HypER: Hyperbolic Echo State Networks for Capturing Stretch-and-Fold Dynamics in Chaotic Flows

TL;DR

HypER introduces a hyperbolic reservoir for Echo State Networks that better captures chaotic dynamics, significantly extending prediction horizons in both synthetic and real-world chaotic systems.

Contribution

It proposes a novel hyperbolic embedding reservoir that aligns with chaos geometry, improving long-term prediction in chaotic systems over traditional ESNs.

Findings

HypER outperforms Euclidean ESNs in predicting chaotic systems.

HypER achieves statistically significant longer prediction horizons.

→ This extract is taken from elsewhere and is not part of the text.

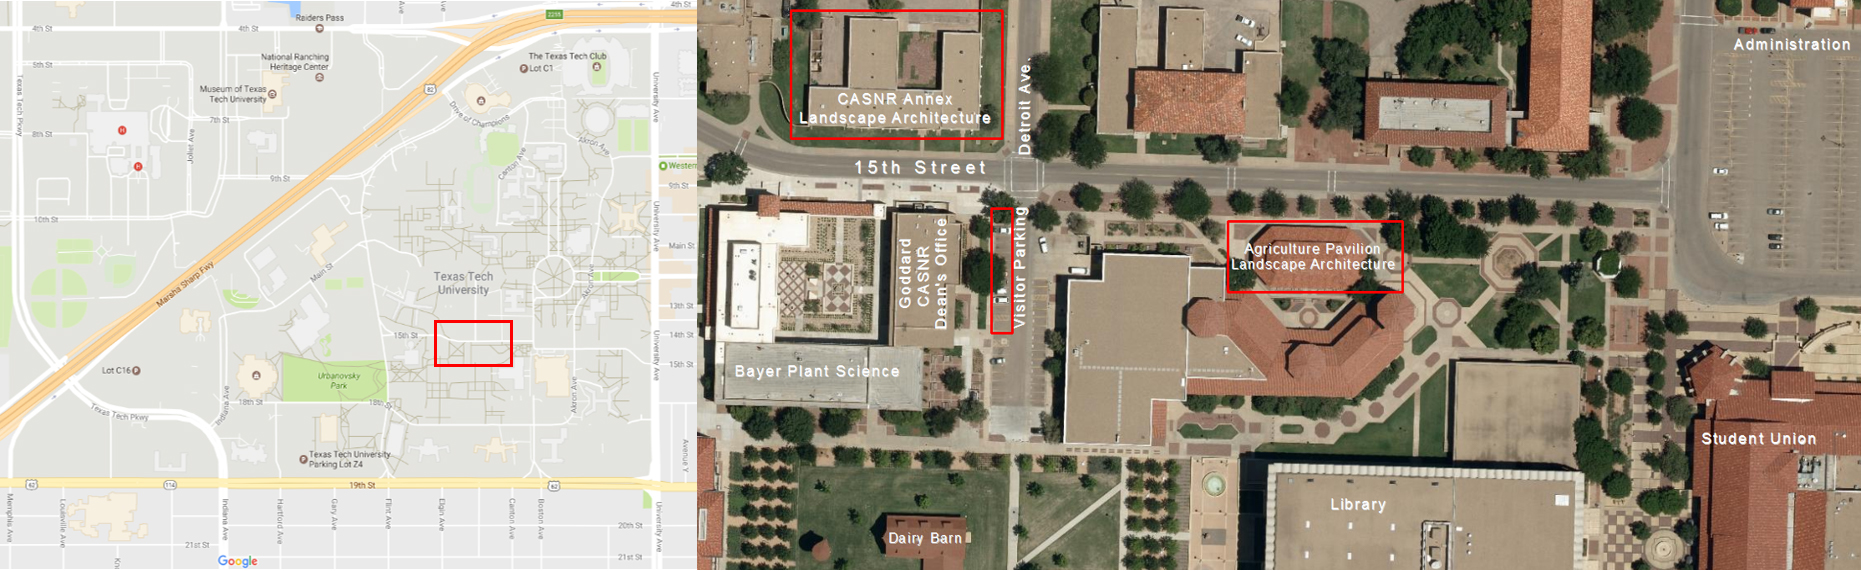 Map showing the location of the TTU Department of Landscape Architecture

Results are validated on synthetic and real-world datasets.

Abstract

Forecasting chaotic dynamics beyond a few Lyapunov times is difficult because infinitesimal errors grow exponentially. Existing Echo State Networks (ESNs) mitigate this growth but employ reservoirs whose Euclidean geometry is mismatched to the stretch-and-fold structure of chaos. We introduce the Hyperbolic Embedding Reservoir (HypER), an ESN whose neurons are sampled in the Poincare ball and whose connections decay exponentially with hyperbolic distance. This negative-curvature construction embeds an exponential metric directly into the latent space, aligning the reservoir's local expansion-contraction spectrum with the system's Lyapunov directions while preserving standard ESN features such as sparsity, leaky integration, and spectral-radius control. Training is limited to a Tikhonov-regularized readout. On the chaotic Lorenz-63 and Roessler systems, and the hyperchaotic Chen-Ueta attractor, HypER consistently lengthens the mean valid-prediction horizon beyond Euclidean and graph-structured ESN baselines, with statistically significant gains confirmed over 30 independent runs; parallel results on real-world benchmarks, including heart-rate variability from the Santa Fe and MIT-BIH datasets and international sunspot numbers, corroborate its advantage. We further establish a lower bound on the rate of state divergence for HypER, mirroring Lyapunov growth.